By rejecting Tantie Tee actively rejects her traditional culture, through this she actively denigrates her previous existence. She notices the physical and economic separation of her family. Tee has no other choice than to grow to hate the society into which she was born. Due to Tee’s colonial education we see her develop a love of reading and books. As her own life is disjointed she sees the western scenes that she reads as closer to reality than her own life, ” Chimneys and apple trees”. It is due to this love of books and her wild imagination that Tee creates a double identity for herself.

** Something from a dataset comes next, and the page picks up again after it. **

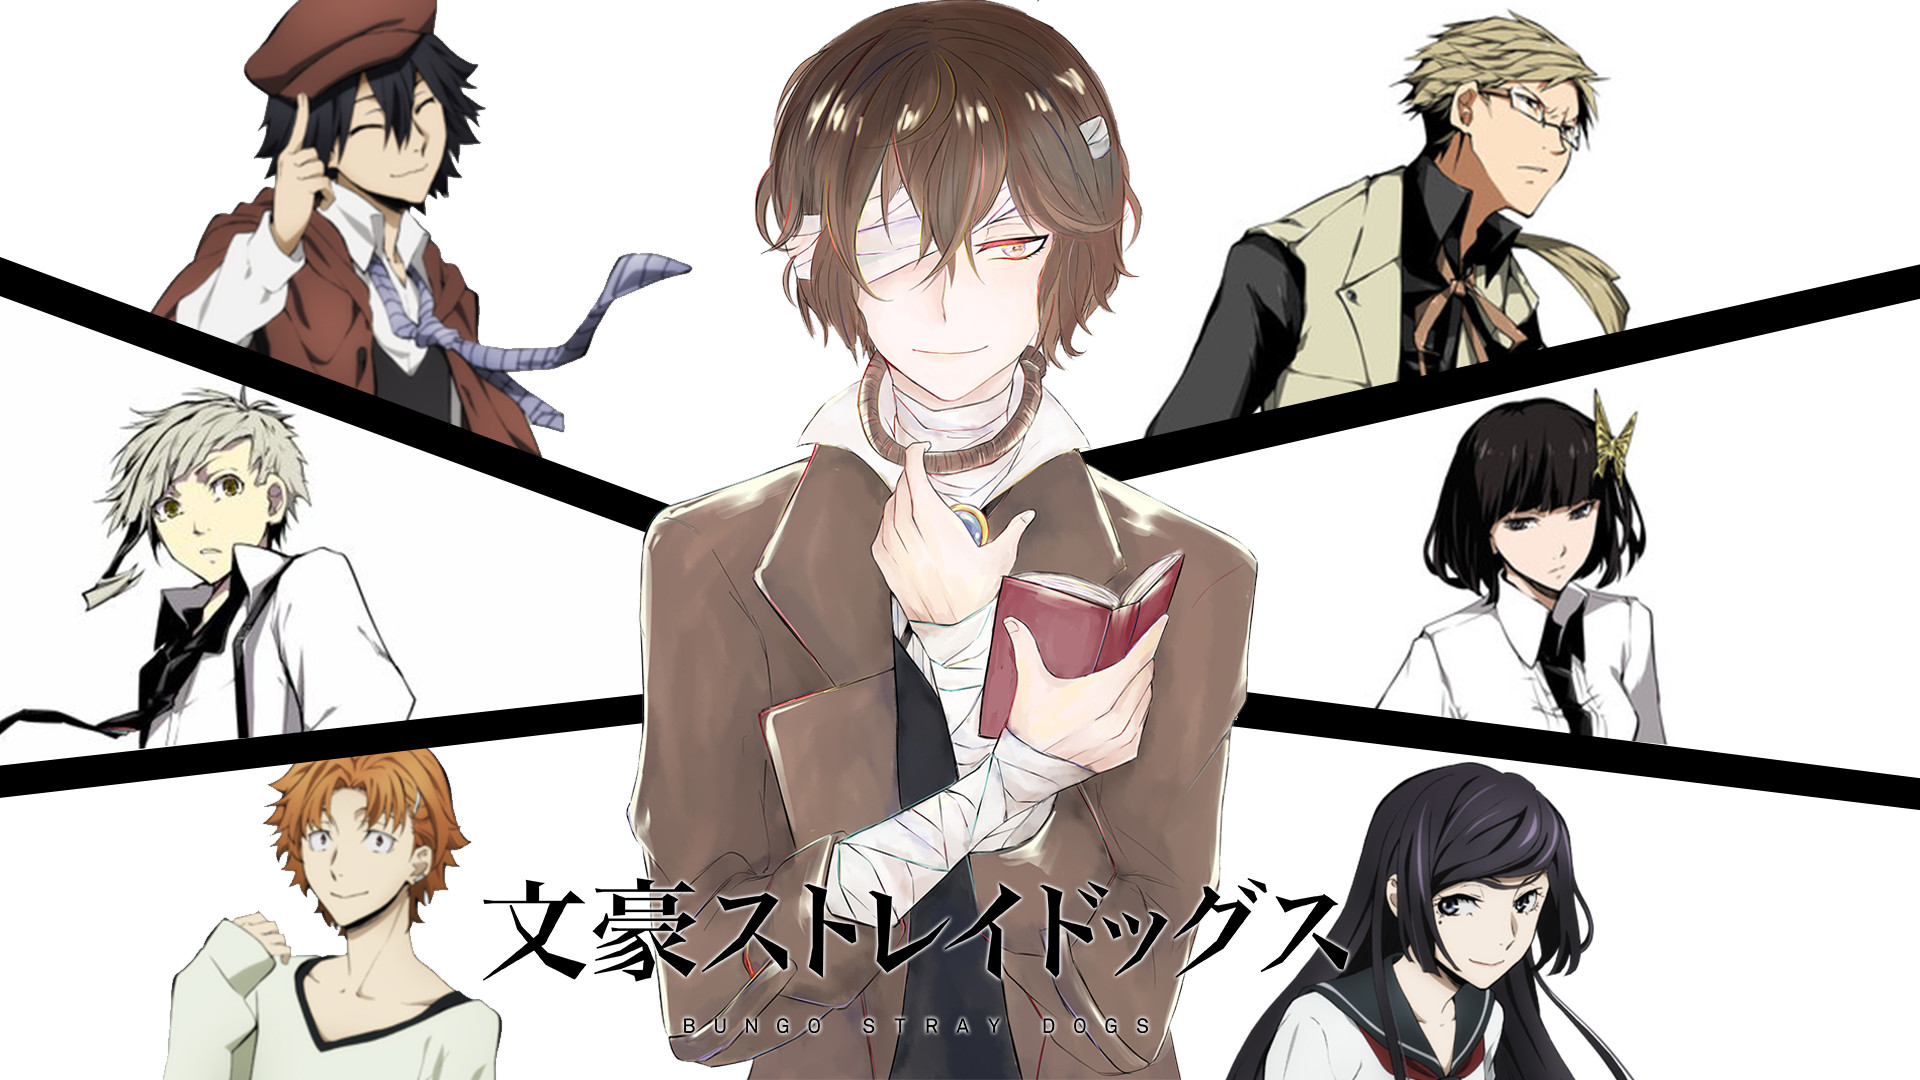 Bungo Stray Dogs Wallpaper Desktop - Join now to share and explore tons

She is so confused about her own boundaries and identity that this becomes her way of escape. She gives this second identity, the name of the white ancestress that Aunt Beatrice hails in her living room, “ Helen”. Tee could have created this double consciousness in order that she may occupy both social spheres at once without fear of alienating the other. The education of children is the key to colonisation. Even though tee has been through the cycle of attending a euro centric school she never reaches her personal ideal.
Tee tries hard to be the perfect model of the colonized girl, but she never quite manages to reach her distant goal. It seems that due to her early years of life she is never quite anglicised enough to succeed in her ultimate wish. It is through this personal failure that she decides to give up the fantasy world of Helen that she herself created. It is only a promised trip to stay with her father in England that ensures her ultimate acceptance into middle class society “… letter from Tantie saying my fatherwas sending two plane tickets… what a lucky girl you are! ‘ she cooed, ‘ but tell me, howlong has your daddy been up there? ‘ “.

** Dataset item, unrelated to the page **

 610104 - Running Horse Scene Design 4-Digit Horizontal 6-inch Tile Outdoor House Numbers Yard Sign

Her call to England brings about a desire to escape. Tee is still unsure about her identity until the end of the novel. She doesn’ know where here home is, ” Several times in the next few weeks I contemplated running away back to Tantie”. For the main protagonist of this narrative her colonial past is remembered with somewhat embarrassment and disgust. Her colonial past is rewritten through colonial education and the euro centric attitude of her Aunt Beatrice.
The ultimate effect of this isTee being torn between the Aunt Tantie’s urban Creole existence and her aunt Beatrice’s imported bourgeois life. Throughout Tee struggles with her double consciousness. As Tee is alone in Trinidad both these women have imence influence over her. The conflict between these two parties can never be resolved fully therefore Tee is never able to resolve the problem and choose one form of life in place of the other. This conflict arises from Tantie’s and Beatrice’s distaste for the respective other class.
Tantie often refers to Beatrice as ‘ The bitch’ whereas Beatrice instils middle class ideals in Tee, that blacks are worse people that white people. Tee cannot find anything positive to link herself to therefore is unsure about her identity until the end of the narrative. We see that she is psychologically torn regarding her social relevance. Tee is not much more than a child when the book ends and her problems are left unresolved. For Tee England promises a new start and an opportunity to think about her identity away from the conflict of home.
The novel has an ambiguous ending and we never receive a resolution to Tees problems, ” I desired with all my heart that it were the next morning and a plane were lifting me off the ground”. This is the unfortunate outcome a colonial education has on the collinised members of society. The education given had the intention of ‘ civilasing’ and bettering the prospects of it’s participants. By rewriting the culture and background the question is raised if this ‘ help’ given by the Europeans did more harm that good to children like Tee.